Personal Finance for Economic Justice

Where would Jesus bank?This afternoon a spirited crowd of 150 people showed up at the Bank of America’s (BoA) main branch in Boston to kick off a campaign called “Move Our Money" as part of a national effort to reinstate federal usury laws with a 10% cap on credit card interest rates. The event was organized by the Greater Boston Interfaith Organization, a coalition of over 50 faith-based and secular organizations (such as churches, synagogues, mosques, unions, and community development corporations), with whom UFE has provided support through our popular economics educational program.

With drums, horns, chants, whoops and hollers, the crowd responded to the call to “Move Our Money” by closing credit card, checking and savings accounts with BoA which refuses to go along with the Commonwealth of Massachusetts’ usury law capping interest rates at 18%. During the one-hour demonstration, 121 individuals and organizations divested from BoA.

Bank of America, GBIO literature points out, received a $5 billion taxpayer bailout in 2008 despite earning annual profits of $4.1 billion. In 2009, BoA awarded their investment banking employees bonuses totaling $4.4 billion, an average of $400,000 per employee. Yet they refuse to cap their credit card interest rates at 18%.

While GBIO’s Debt to Assets (D2A) financial literacy program teaches folks how mortgages and other loans work, how to avoid predatory lenders, and how to maintain a high credit rating, they have also invited UFE to provide D2A participants with an accessible big picture analysis of the economy. Together we explore how changes in financial regulations, tax laws, and spending decisions have enabled a relatively small group of wealthy investors and financial sector management to accumulate vast wealth, pushing economic inequality to heights not seen since just before the Great Depression.

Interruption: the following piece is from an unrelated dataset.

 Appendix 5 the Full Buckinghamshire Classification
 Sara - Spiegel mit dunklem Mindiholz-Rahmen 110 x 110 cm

The relaxing of the rules that permit banks and credit card companies to raise interest rates to what just a few decades ago would have thrown them in jail for usury, is directly addressed by GBIO’s long term campaign: 10 percent is enough! Since Massachusetts has a law that caps interest rates at 18% for banks chartered in the state, the current phase of the campaign is demanding that BoA (based in North Carolina) agree to abide by the Massachusetts cap.